[R] dates and time series management
arun
smartpink111 at yahoo.com
Wed Jun 5 03:57:00 CEST 2013
Hi,
Forgot that you wanted the result in a data.frame
fun1<- function(lstf){
lst1<-lapply(lstf,function(x) read.table(x,sep="",header=TRUE,stringsAsFactors=FALSE))

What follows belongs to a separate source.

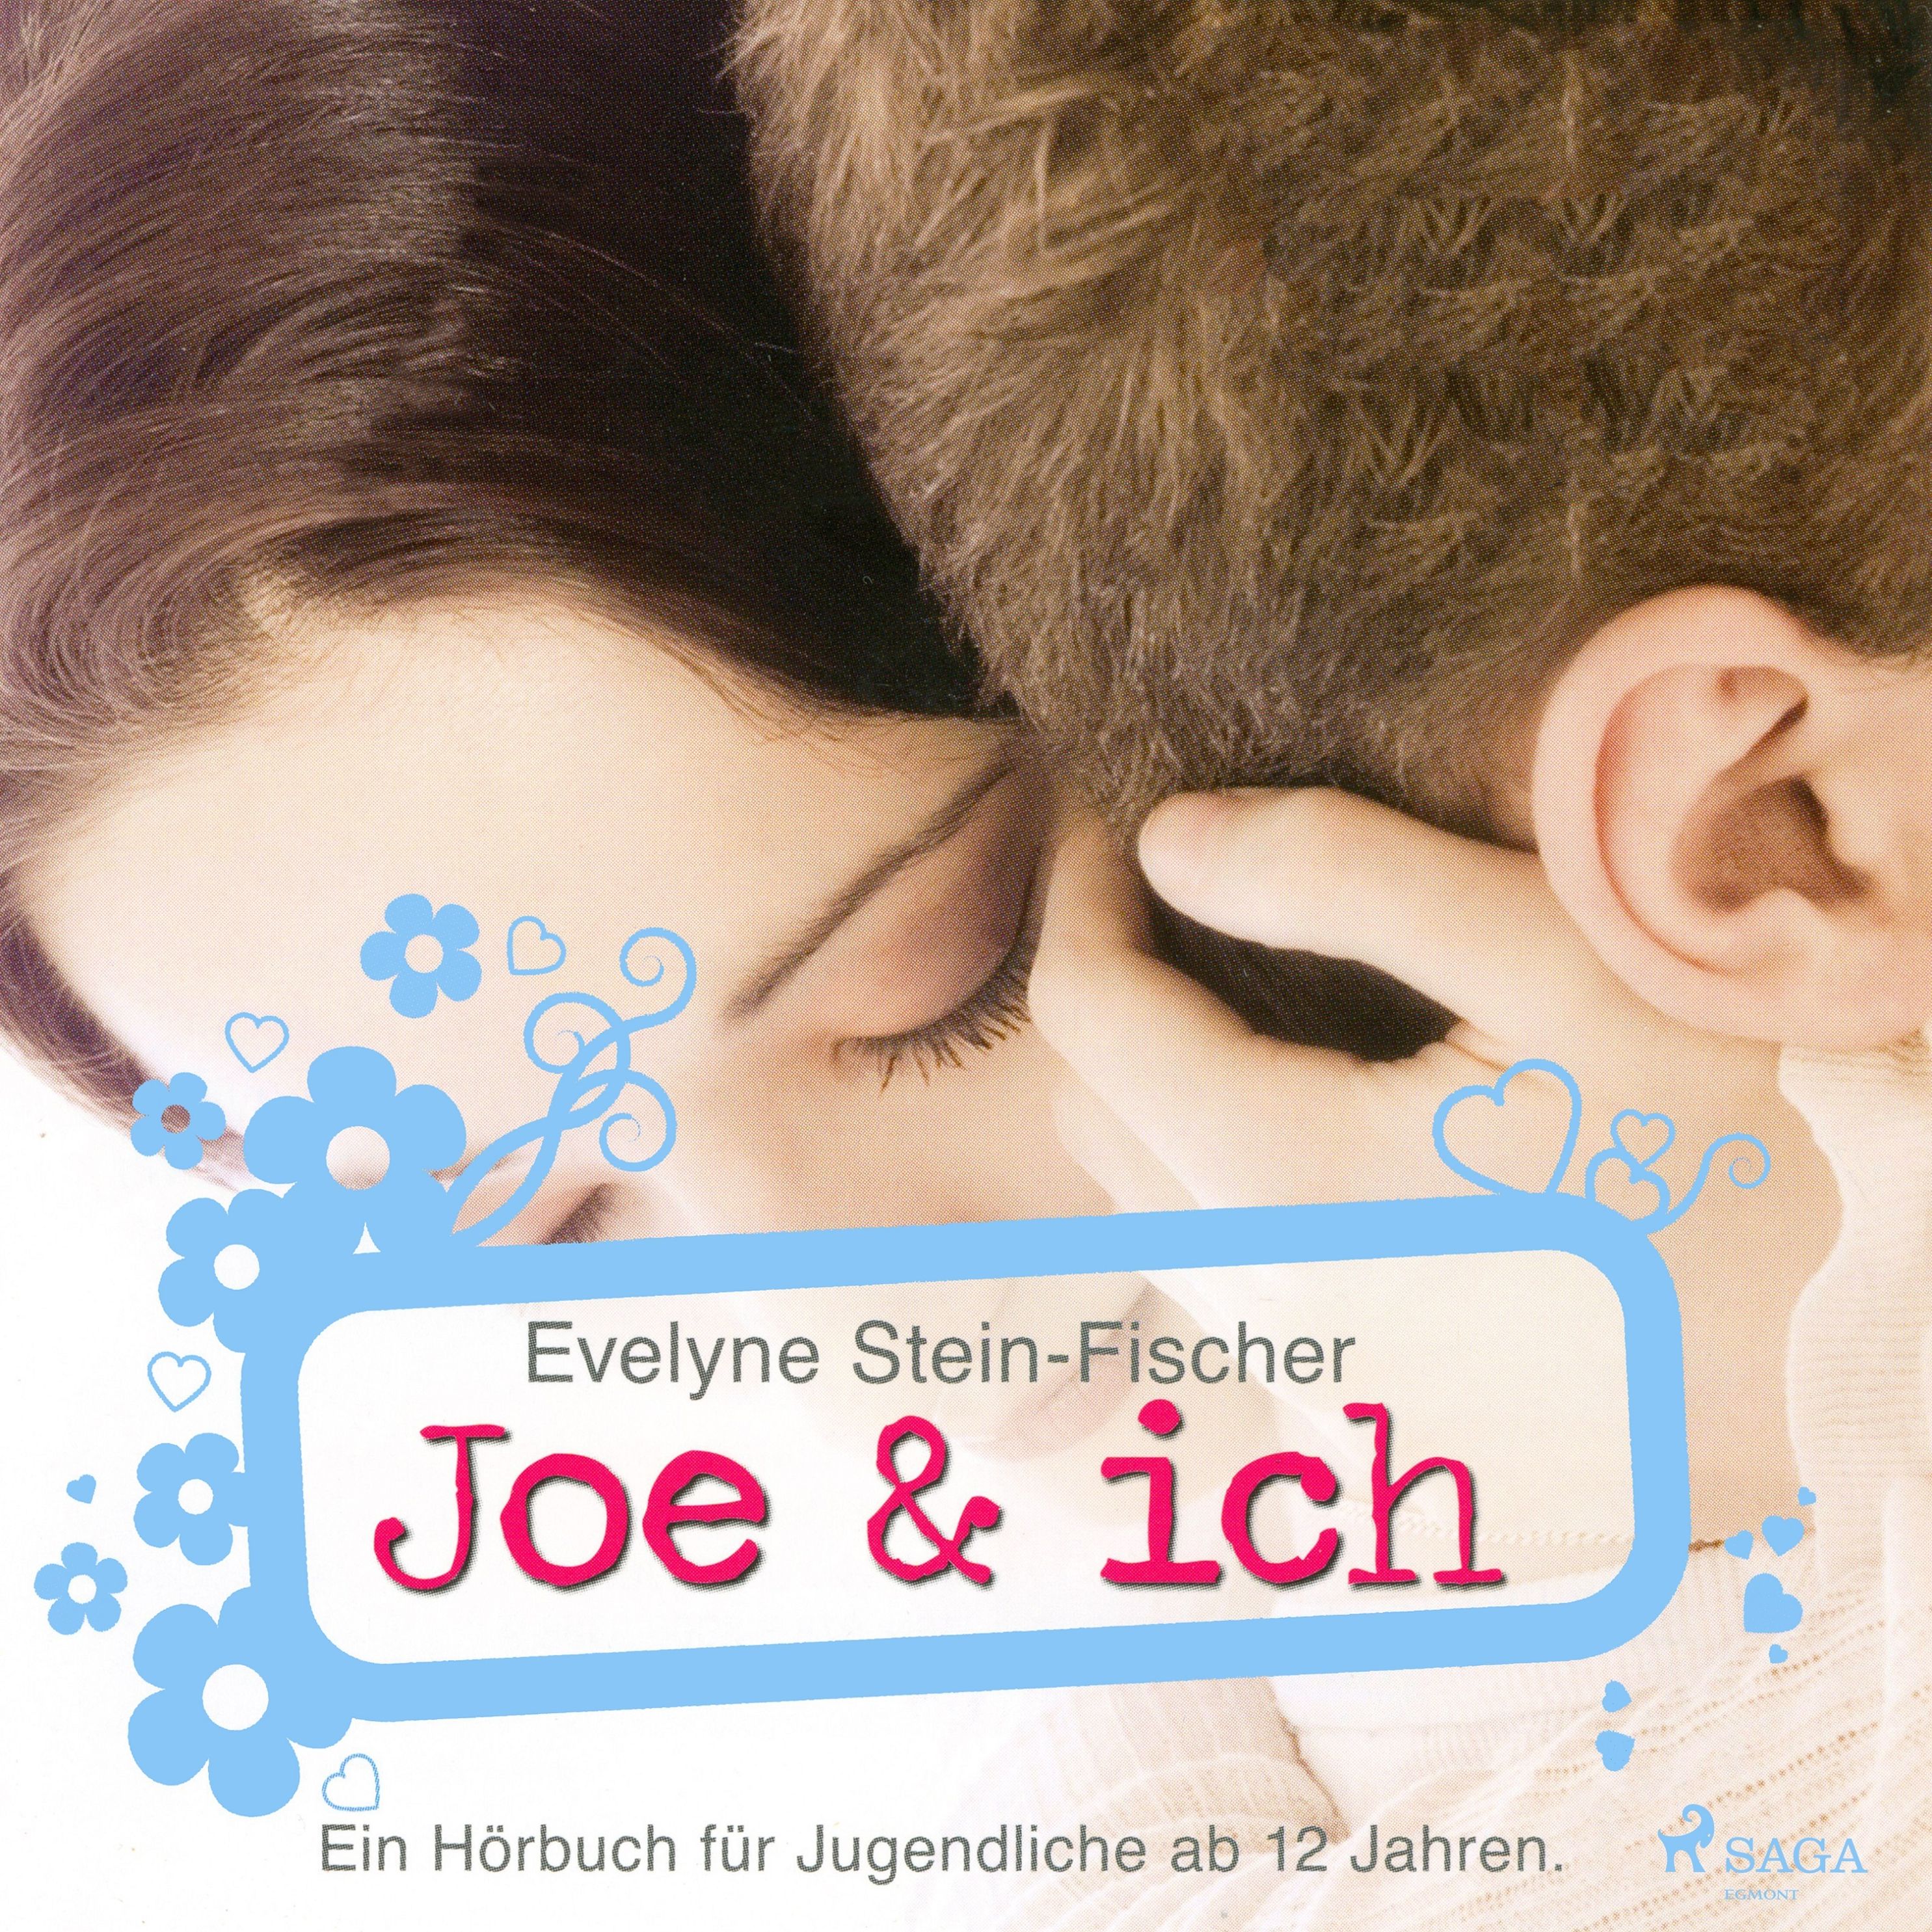 Joe & Ich Liebesroman Hörbuch sicher downloaden bei Weltbild.at

lst2<- lapply(lst1,function(x) x[x$V1>=1961 & x$V1<=2005,])
lst3<- lapply(lst2,function(x) {
if((min(x$V1)>1961)|(max(x$V1)<2005)){
n1<- (min(x$V1)-1961)*12
x1<- as.data.frame(matrix(NA,ncol=ncol(x),nrow=n1))
n2<- (2005-max(x$V1))*12
x2<- as.data.frame(matrix(NA,ncol=ncol(x),nrow=n2))
x3<- rbind(x1,x,x2)
}
else {
x
} })
lst4<- lapply(lst3,function(x) data.frame(col1=unlist(x[,-c(1:2)])))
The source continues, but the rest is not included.